I was recently asked to modify several of our snapshot schedules to have an infinite retention, or never expire. My initial concern was how many snapshots the cluster can handle and it looks like its 1000 per directory and 20,000 total at my code level 220.127.116.11.
After reading up on what little I could find it seems that the job for deleting expired snapshots can be affected as the number of snapshots increases. So my concern is what number is safe for the cluster? 1000 per directory just seems a bit ambiguous for me. Also are there any other concerns aside from the delete job and gui running slow? That is about as detailed an explanation I have been able to find.
With infinite retention, the snaps delete job will never run. Problem solved...
Of course 1000 is somewhat ambiguous, and ambitious at the same time.
It's safe to say that with 1001 snaps you are not falling off the cliff,
and that the one thousand range is enough to cover most real-world demands.
In practice, one often keeps, say, weekly snapshots for a longer time than daily or hourly snapshots. This retains all files that have existed for at least 7 days, while short-lived files get wiped when the daily snapshots are deleted after a few weeks or so.
Is this something you could "sell" to your users/bosses/customers?
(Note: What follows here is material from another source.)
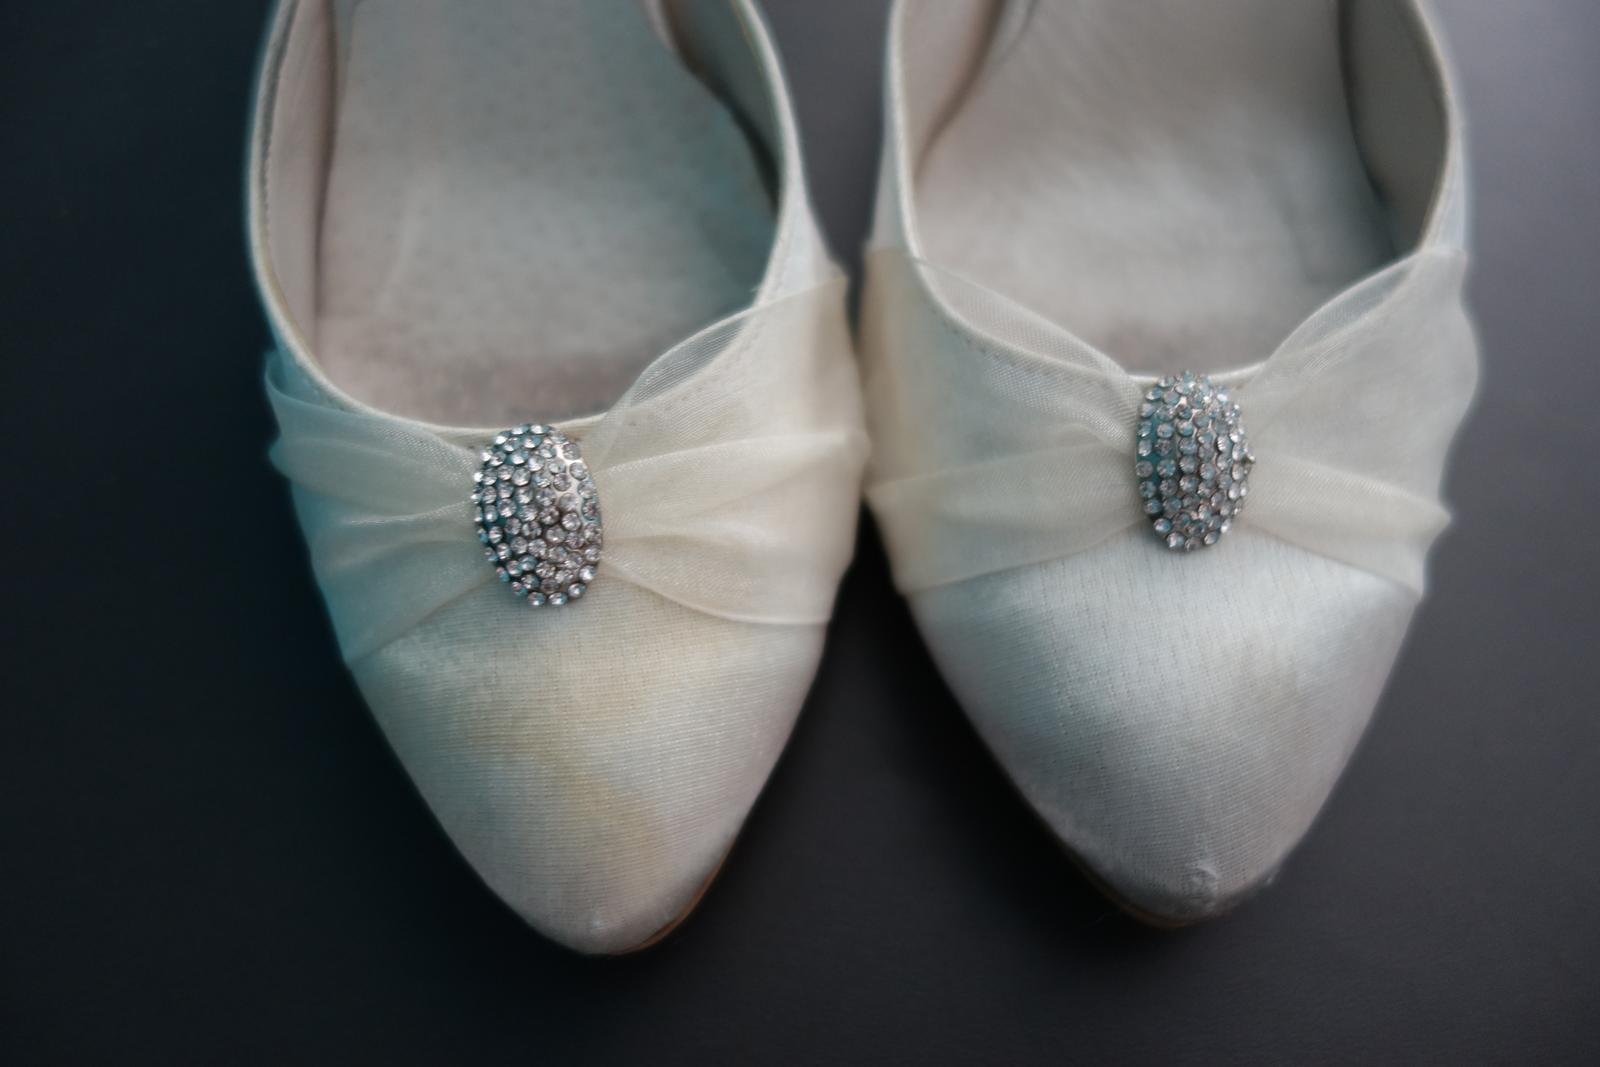 Svadobné/spoločenské topánky č. 40 - 41 - Obrázok č. 4

Note that technically this breaks the "rule" of deleting snapshots back to front in chronological order, which yields best performance of the snaps delete job. But it's usually acceptable with modern OneFS, where things have been improved for out-of-order deletions. Even more so if you have SSD acceleration for the metadata.
depending on how long you have to keep the snapshots and how many that are it may make more sense to keep a physical copy.
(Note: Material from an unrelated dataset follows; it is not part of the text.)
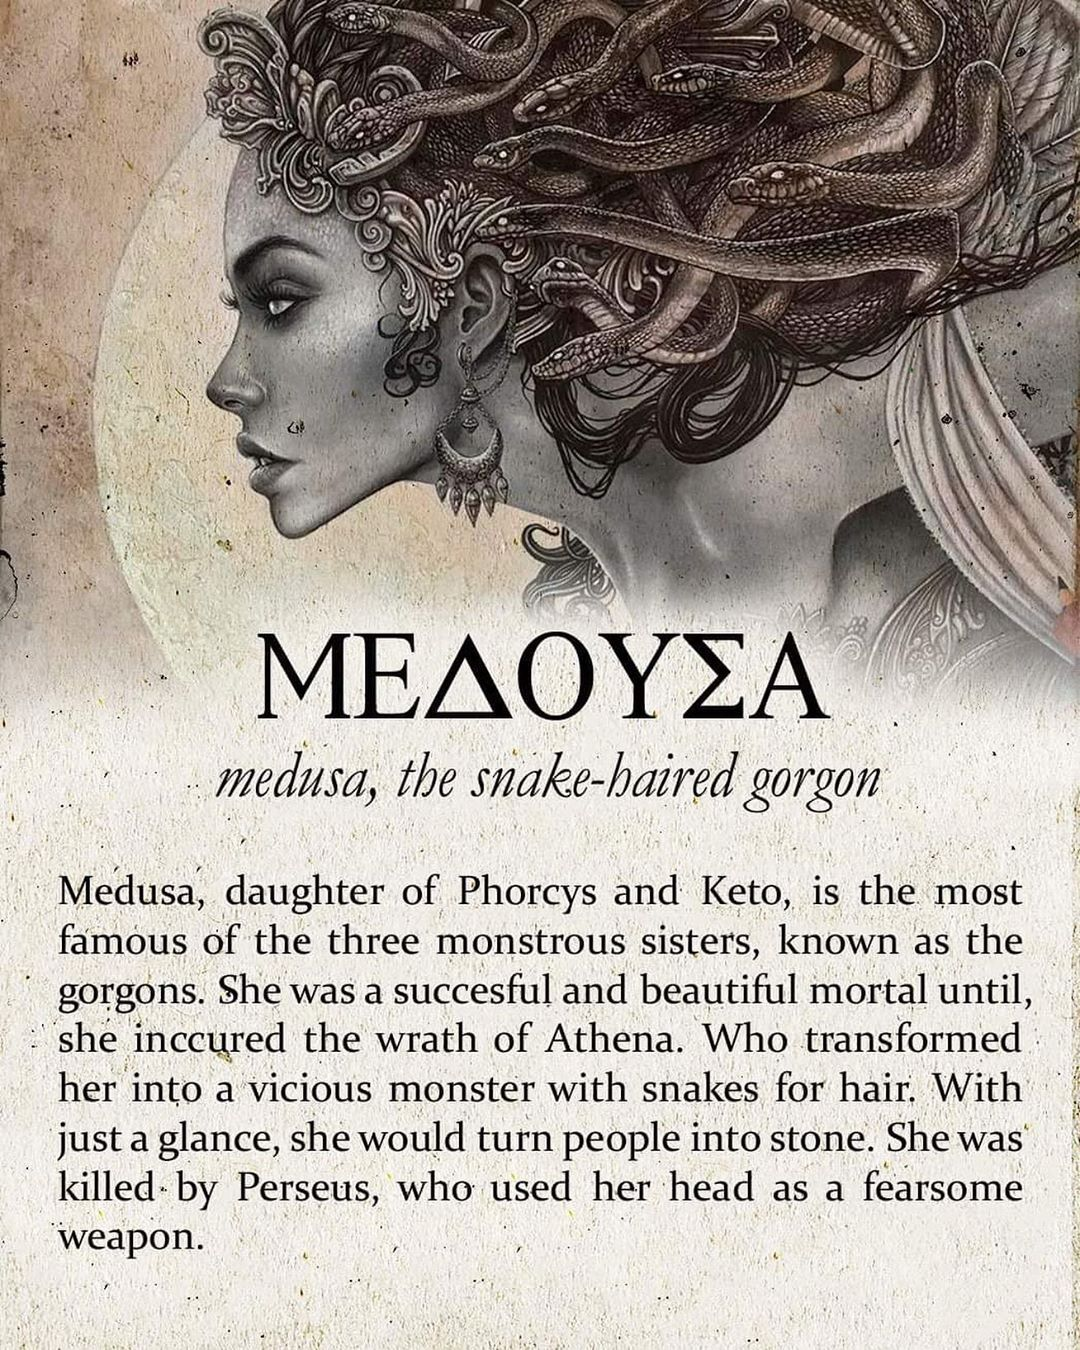 Medusa, the snake-haired gorgon ???? Follow @greeklore⚔️(me

also if they want to keep the snapshots "forever" you should argu to do backups.to get the data off the Cluster. That's just not for what snapshots are designed for.
with increasing quantity of snapshots you have a more complex snapshot relationship. the more snapshots, the more complex the process of freeing unreferenced blocks.
also keep in mind the snapshots you may get from syncIQ if in use.
i wanted to modify my snapshotdelete Job to run off_hours but EMC had some serious concerns regarding this, because we would have around 150 snapshots when SnapshotDelete starts which would raise the needed cpu ressources in comparison to a regulary running SnapshotDelete
Thanks for the replies fellas.
I understand the head scratching on this one, I did the same thing at first.
The reasoning is that we have some customers that deleted stuff they shouldn't have and we do not do any long term backups of the Isilon. The goal is to implement infinite snapshots until we upgrade to 8 and then apply enterprise smart lock to these shares.
Fortunately it is only 4 shares and only for around 6-8 months. We only kick off a snapshot once a day so this will bump up the current number of snapshots to about 700-1000 on top of our current 600 total.
Right now based on what I understand the only issue I'm likely to run into would be long snapshot delete jobs after we put these back to 30 days. What do you guys think?
i have 13 nodes x400 cluster (no SSDs). Snapshots are taken every day (once a day) with 35 day expiration so my total snapshot count today is around 2k snapshots. I don't see any issues with snapshotdelete job, completes within 2 hours (daily).
Thanks Dynamox. Though I'm guessing that once I expire these and set the schedule back to 30 days I'm going to be deleting a few more than you usually do at around 700 snapshots! I really don't think that will be a problem because its a finite amount of snapshots it has to delete and even if it runs long it will eventually catch up.
Well, I feel better about now, I think reading about the old limit had me overly concerned about this. Still not sure if this is the right way to solve this problem But I digress, at least it doesn't sound like the cluster will kill over.